> **EXERCISE AIM**:
Among the entries that follow, locate the line with "Fascinating dinosaur drawings to color in" and the line with "Image for Where the sky meets the sea". Output those lines and all lines in between, exactly, minus the pictures.

> **RECORDS TO USE**:
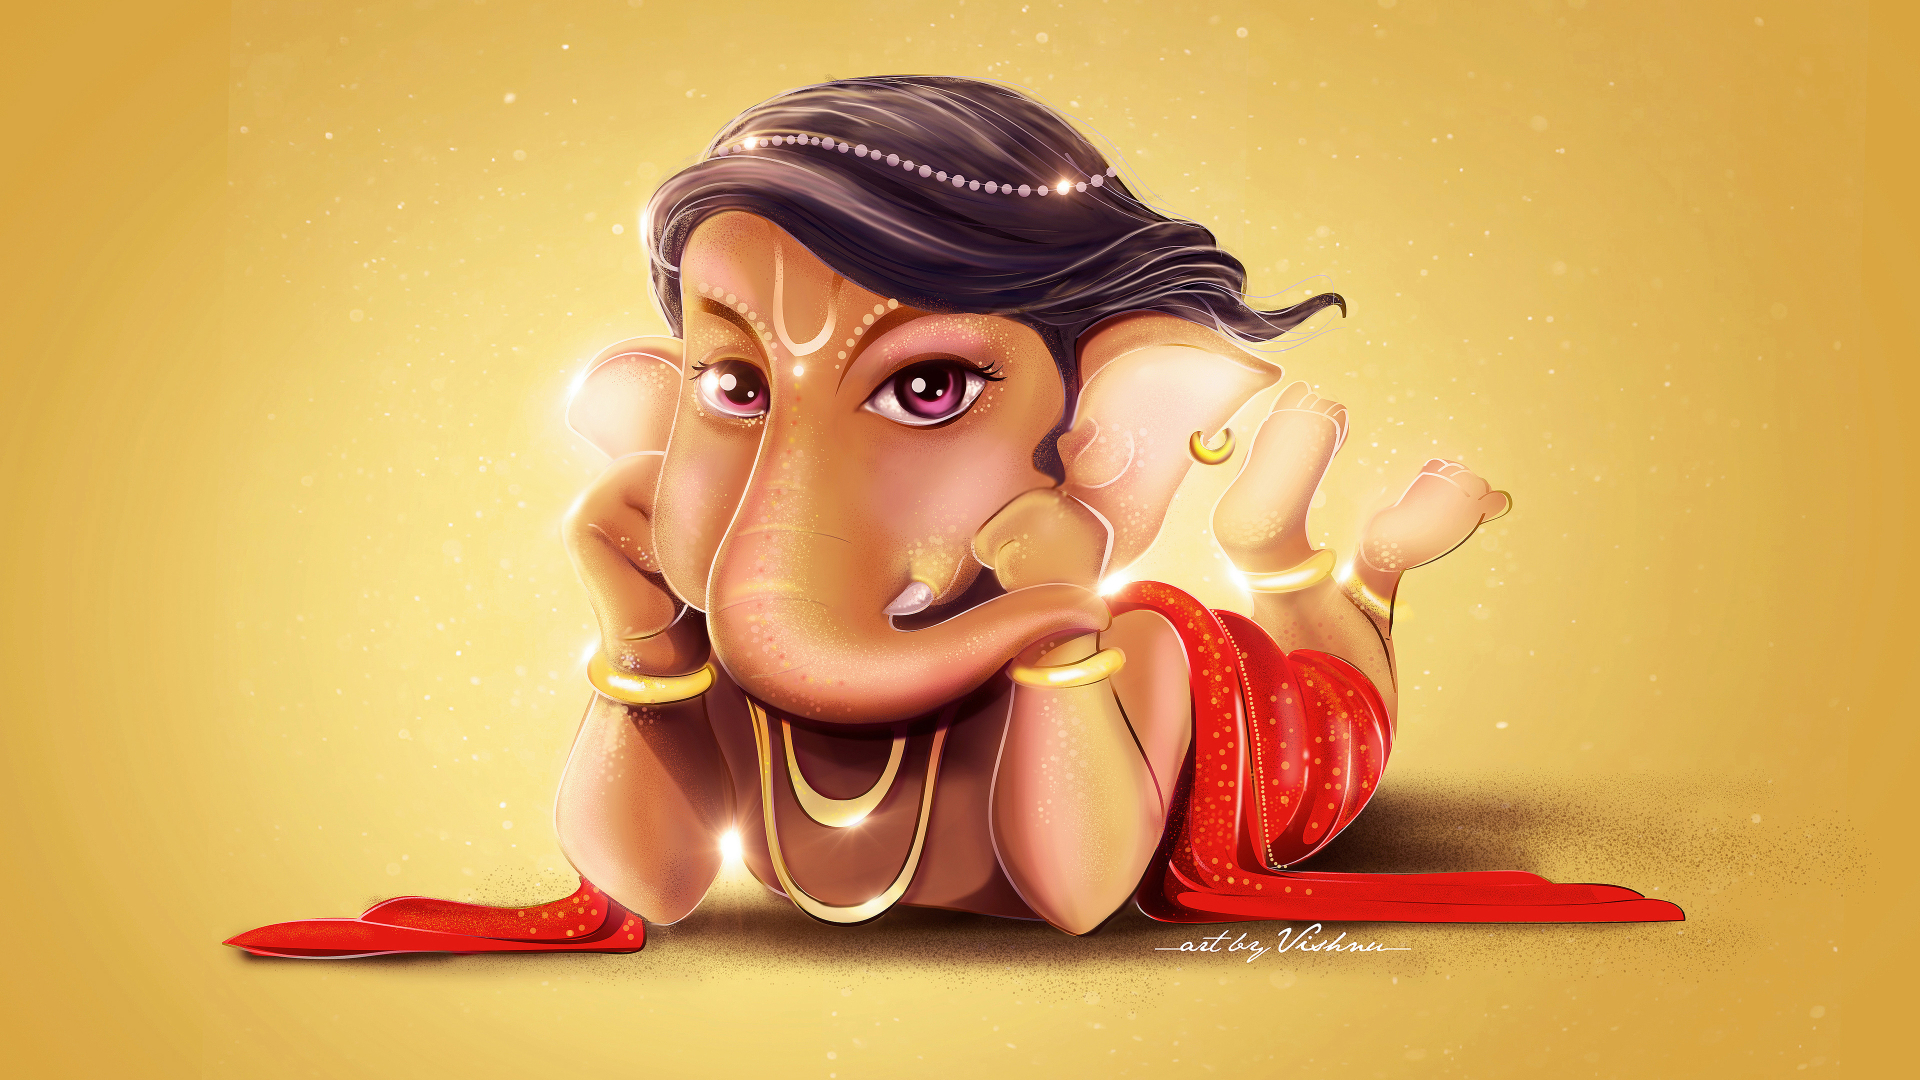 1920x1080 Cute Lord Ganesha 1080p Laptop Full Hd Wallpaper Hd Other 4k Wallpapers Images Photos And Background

...

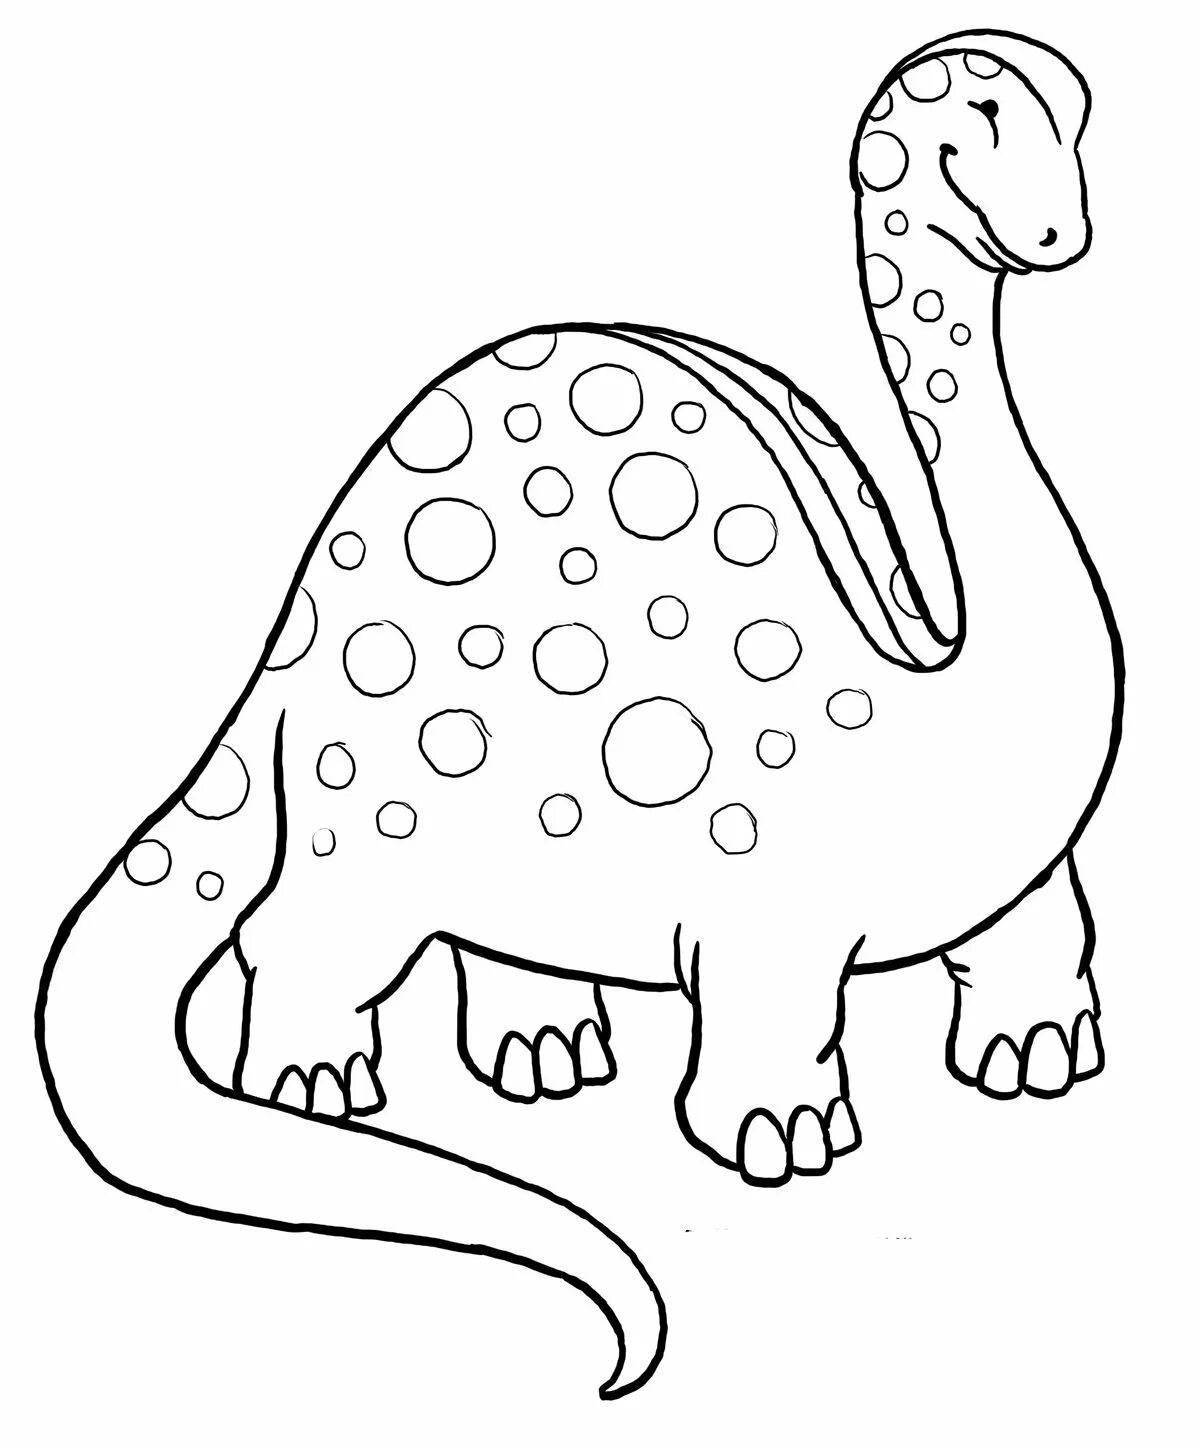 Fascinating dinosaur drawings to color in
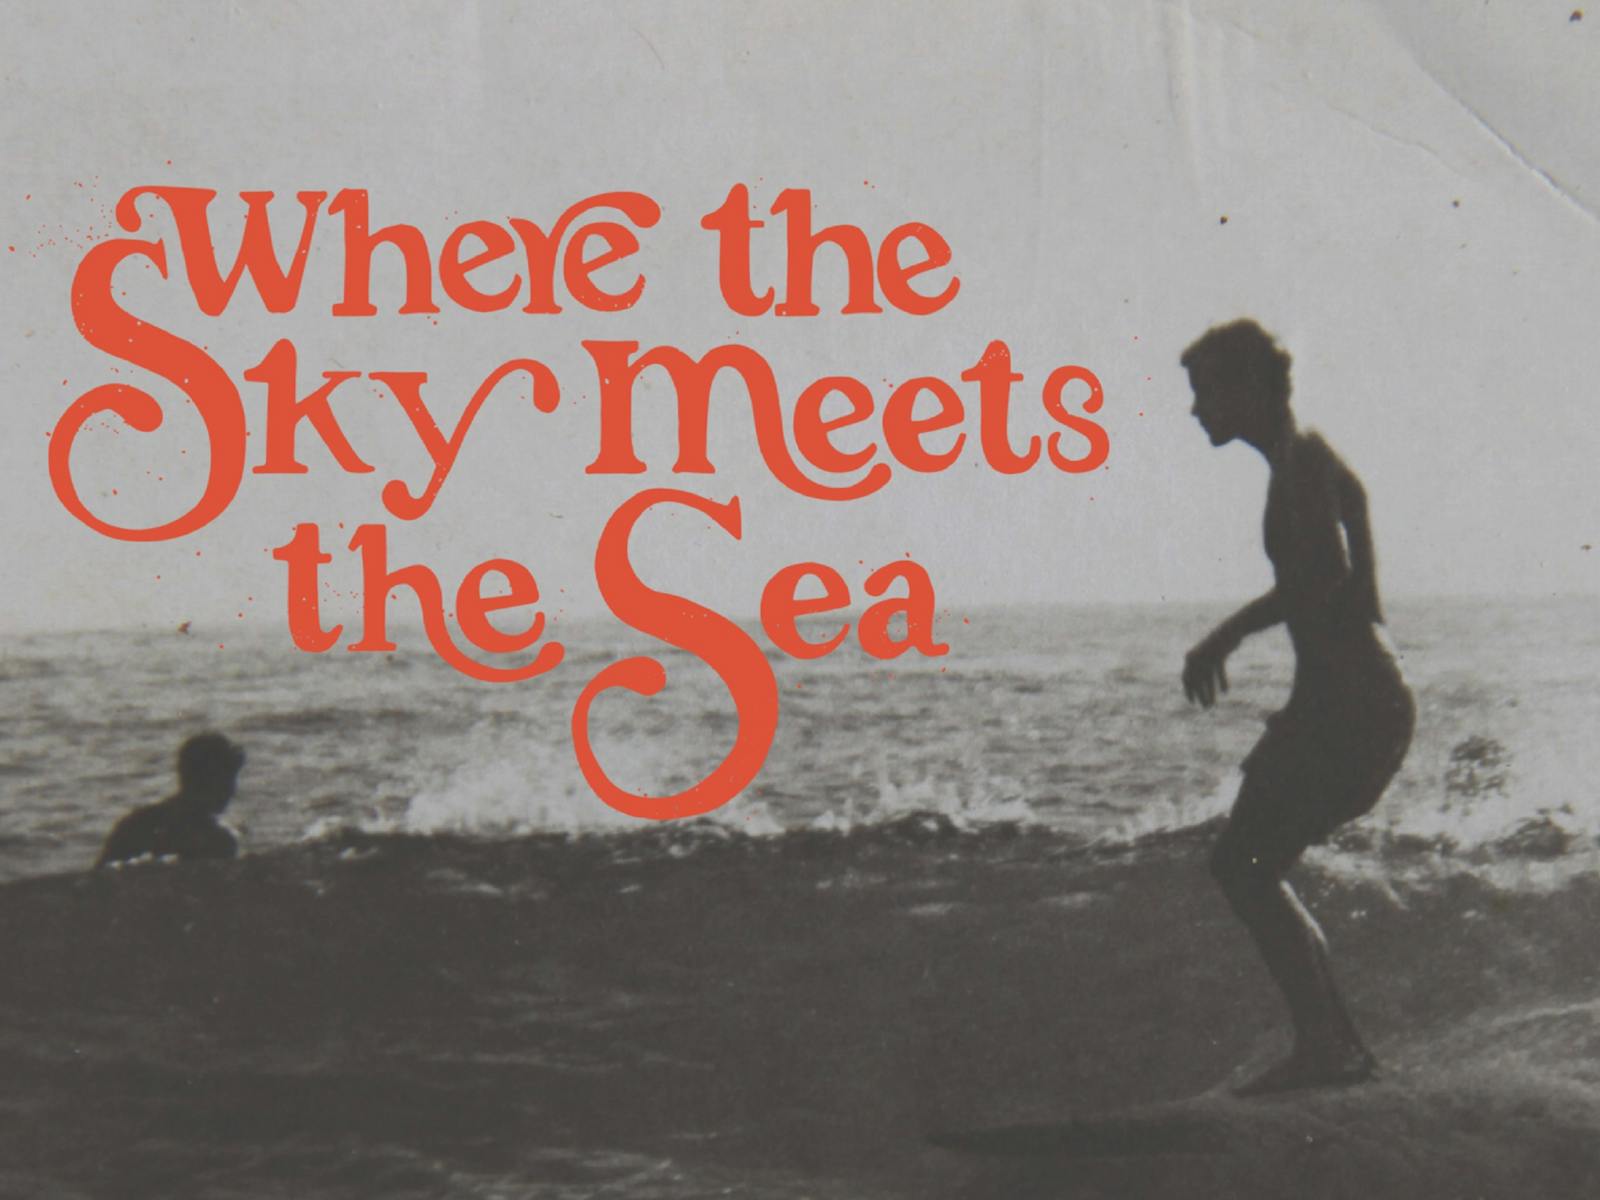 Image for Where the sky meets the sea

> **RESPONSE**:
 Fascinating dinosaur drawings to color in
 Image for Where the sky meets the sea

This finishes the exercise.